Het ruïnelandschap van Auschwitz-Birkenau is als centrum van de Holocaust het meest schuldige landschap van Europa geworden. Het was de Amerikaanse mediaproductie over de fictieve Duits-Joodse familie Weiss die in 1978 bij het grote publiek de aandacht op Auschwitz richtte en de perceptie van de Tweede Wereldoorlog als een strijd van de westerse wereld tegen Hitlers Endlösung vestigde.

Toch was deze ”Americanization of the Holocaust” niet de enige mediagebeurtenis van deze periode.
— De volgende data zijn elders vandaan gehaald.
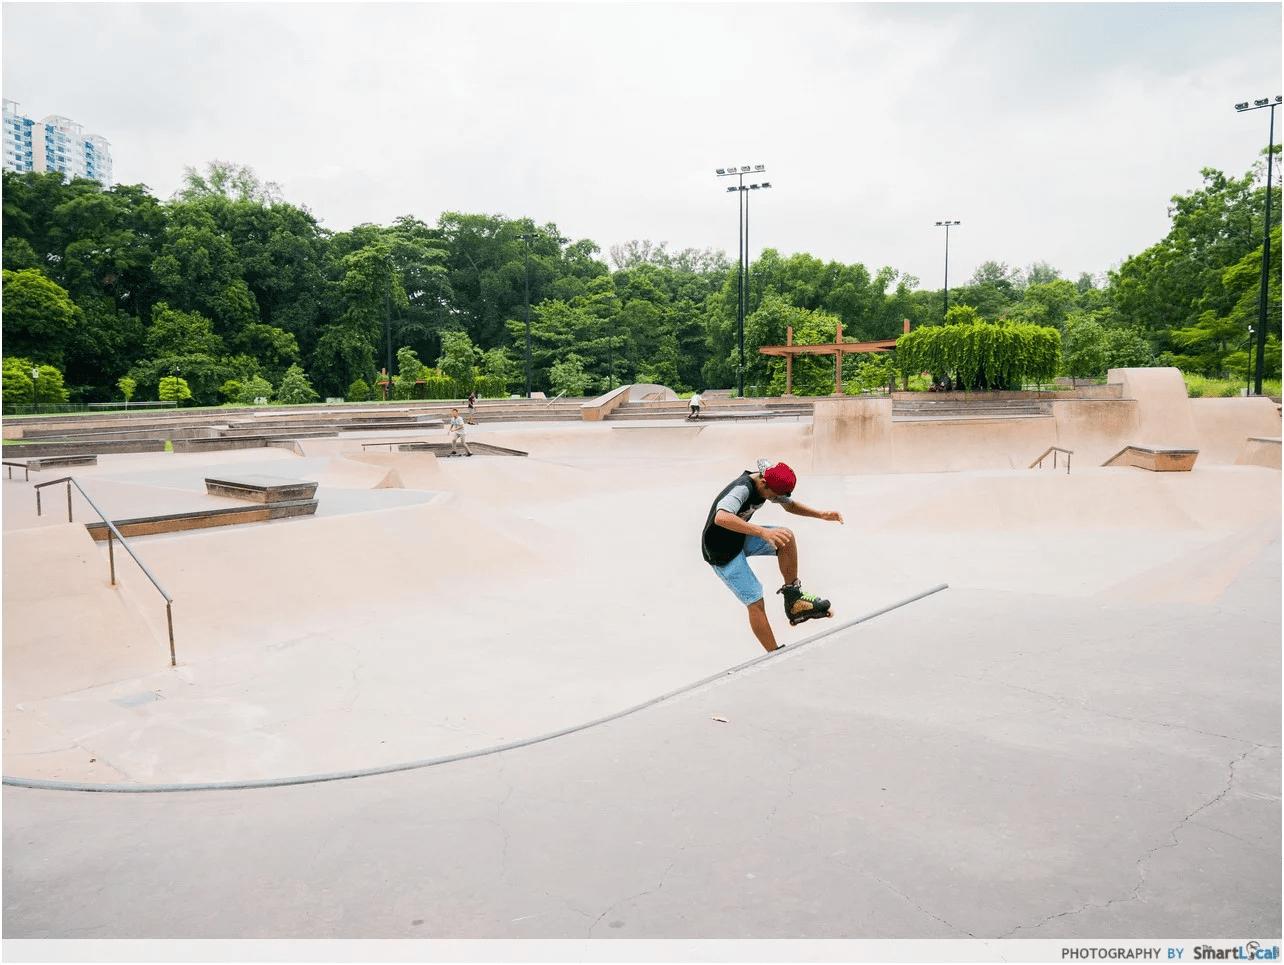 East Coast's Xtreme SkatePark

Belangrijker, althans voor wat de Europese ervaringswereld betreft, was Claude Lanzmanns indringende verslag van zijn reis naar Polen. Met zijn documentaire ”Shoah” (1985) plaatste hij tegenover de Amerikaanse Holocaustfictie als het ware een door getuigenissen opgeroepen topografische herinnering aan de Poolse kampen, met het eigentijdse herinneringslandschap als geheugenprothese.
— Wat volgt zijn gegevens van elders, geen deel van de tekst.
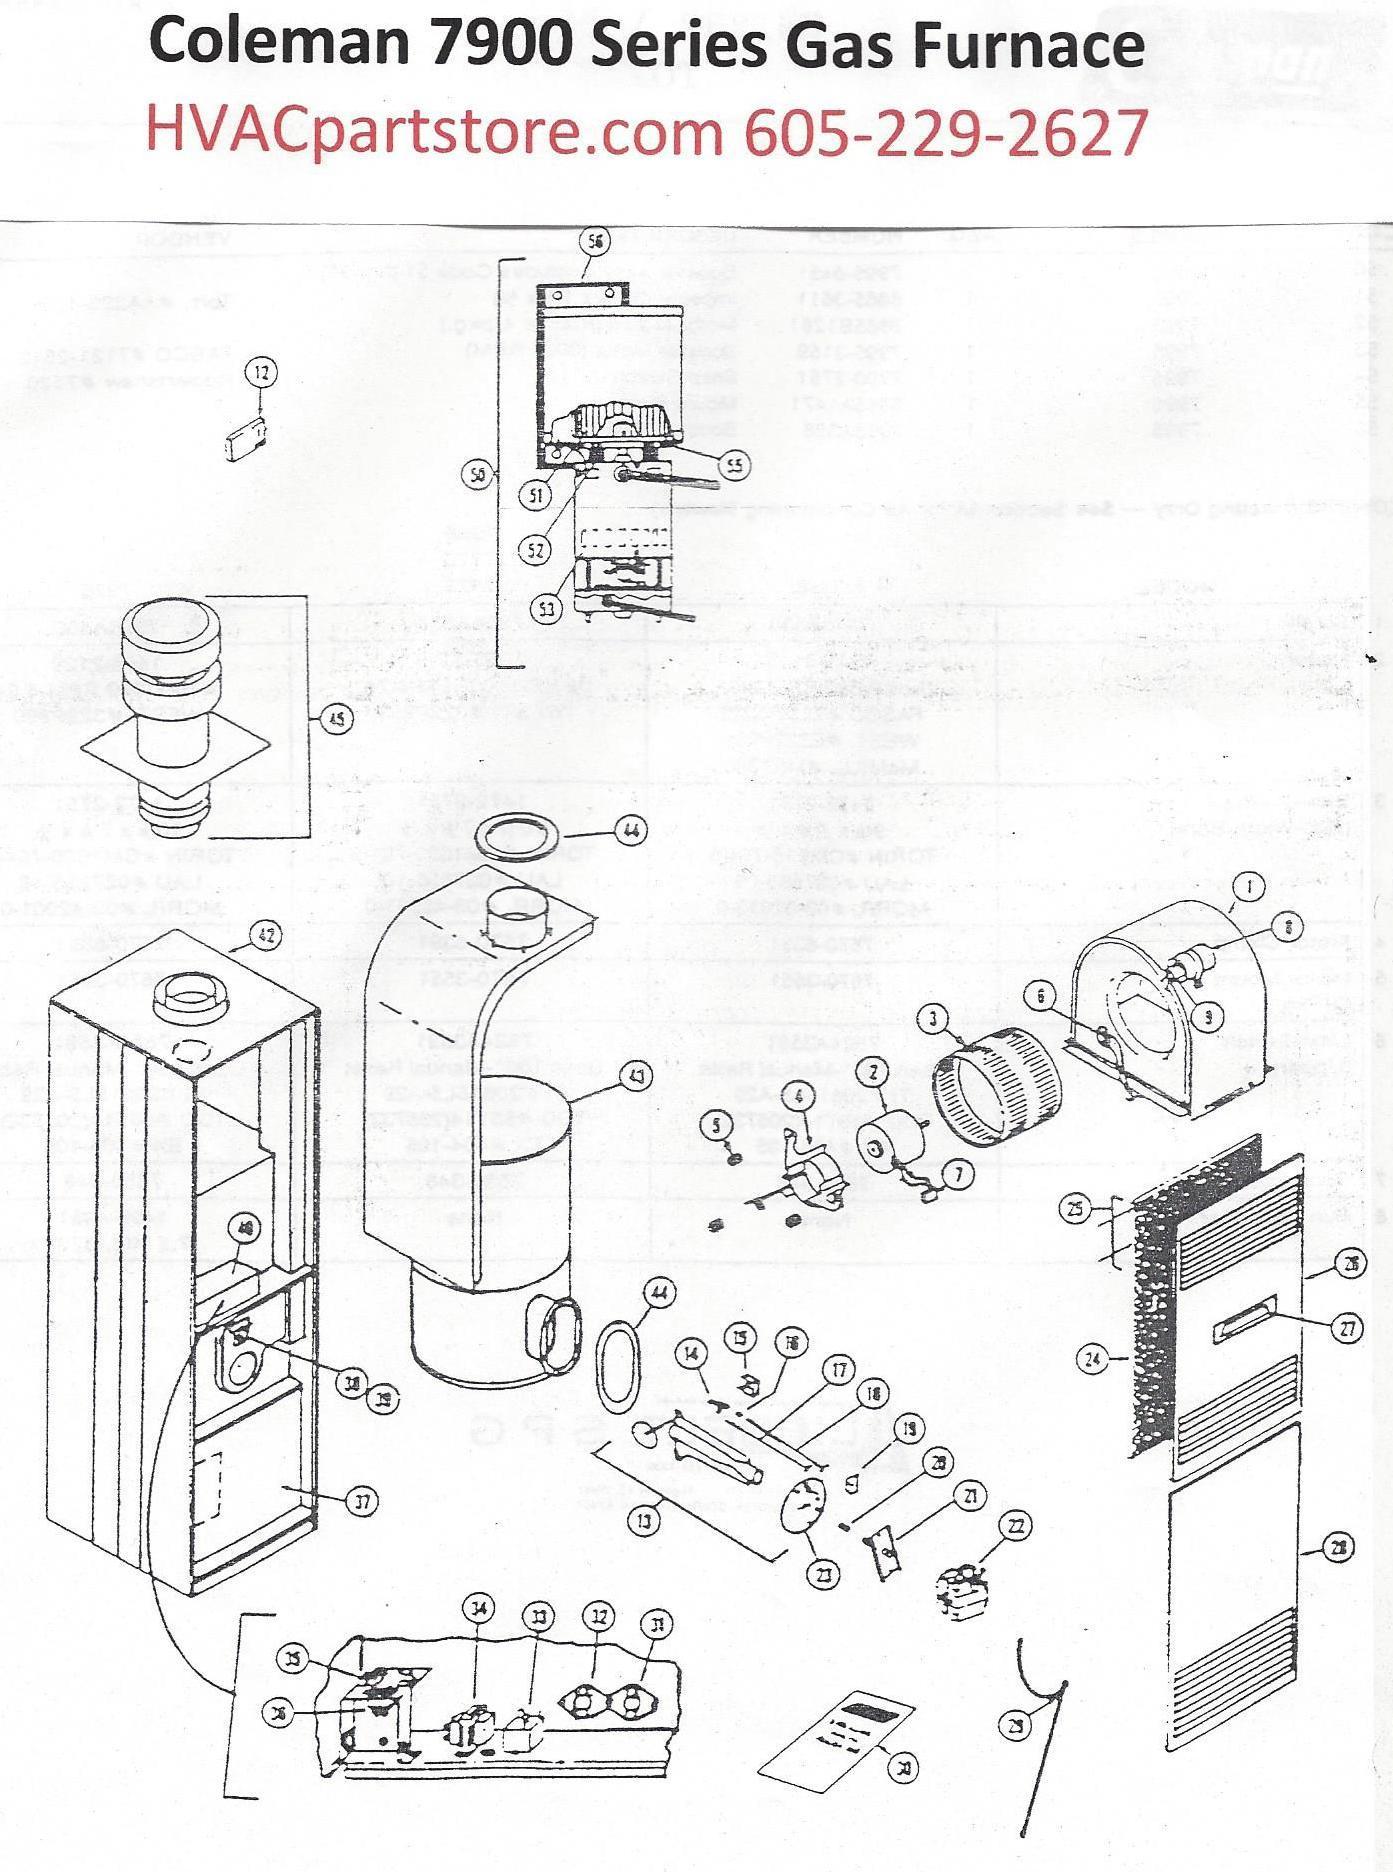 [SCHEMATICS_4NL]  GN_1544] Evcon Dgat070Bdd Furnace Wiring Diagram Download Diagram | Wiring Diagram For Evcon Dgat070bdd |  | Penghe Strai Emba Mohammedshrine Librar Wiring 101

Met ”Shoah” begon de ontmoeting met de authentieke brokstukken van het verleden. Een herinneringslandschap dat een naoorlogse generatie slechts van verhalen kende. Tegelijk representeerde dit nieuwe narratieve raamwerk een breuk met het Grote Verhaal van de oorlog als een heroïsche overwinning van de westerse democratie op het totalitarisme.

Dit alles begon al vóór de val van de Muur die vaak het omslagpunt in de Europese herinneringscultuur wordt genoemd. De betekenis van 1989 lag volgens mij echter op een ander vlak. Het lang vergeten en verzwegen verleden werd door de ontmanteling van het Oostblok als het ware gere-integreerd binnen de Europese geheugenruimte.
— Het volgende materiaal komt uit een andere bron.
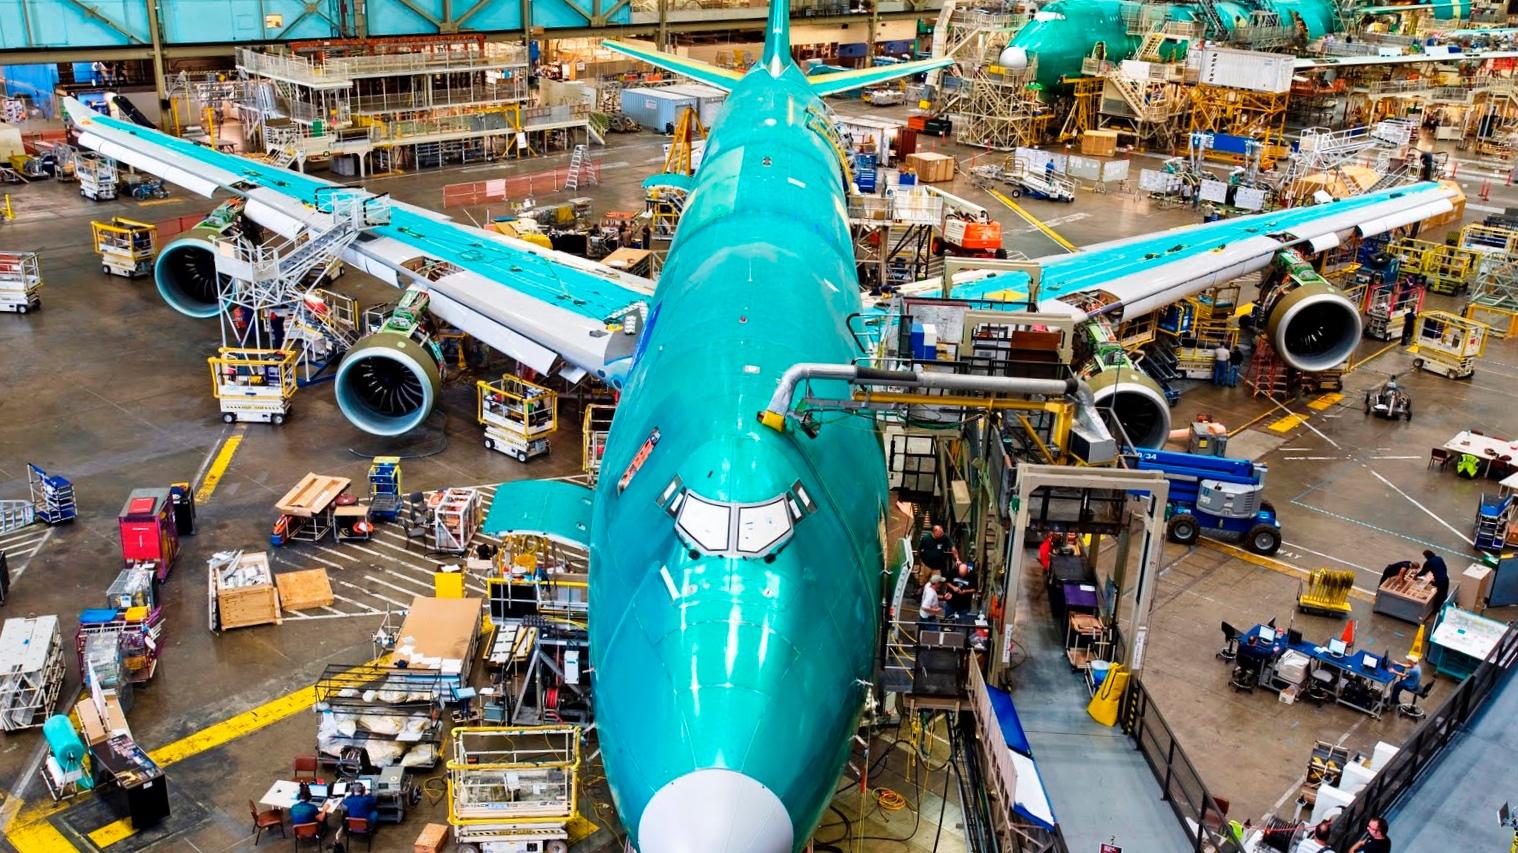 Cougartron-aerospace-industry.jpg

Werden de Oost-Europese vernietigingskampen, met uitzondering van de naoorlogse ‘terugkeerreizen’ van kleine groepen kampoverlevenden, voordien nauwelijks bezocht, in Lanzmanns voetspoor trokken spoedig duizenden toeristen naar Polen, op zoek naar de sporen van het oorlogsverleden. De plaatsen van terreur, die eerst in vrijwel alle Europese landen na de oorlog door sloop en herbestemming als een vreemde erfenis buiten het nationale lichaam zijn geplaatst, werden zo vanuit de ‘antiherinnering’ geleidelijk aan weer als erfgoed toegeëigend.

Gemeenschappelijk

Maar hoe gemeenschappelijk is de ervaring van de Holocaust in Europa eigenlijk? De afgelopen jaren is steeds duidelijker geworden dat de westerse perceptie vrijwel geen aansluiting vindt bij de ervaringswereld van de bewoners van de Oost-Europese landen waar de terreur heeft plaatsgevonden.

Anders dan in het Westen, waar Auschwitz symbool staat voor de Jodenmoord en voornamelijk over een teveel aan getuigenissen wordt geklaagd, is er in Oost-Europa sprake van een teveel aan gebeurtenissen. Er zijn gewoon te veel pijnlijke plekken, en te veel ‘onterfde’ bevolkingsgroepen met te veel tegenstrijdige herinneringen.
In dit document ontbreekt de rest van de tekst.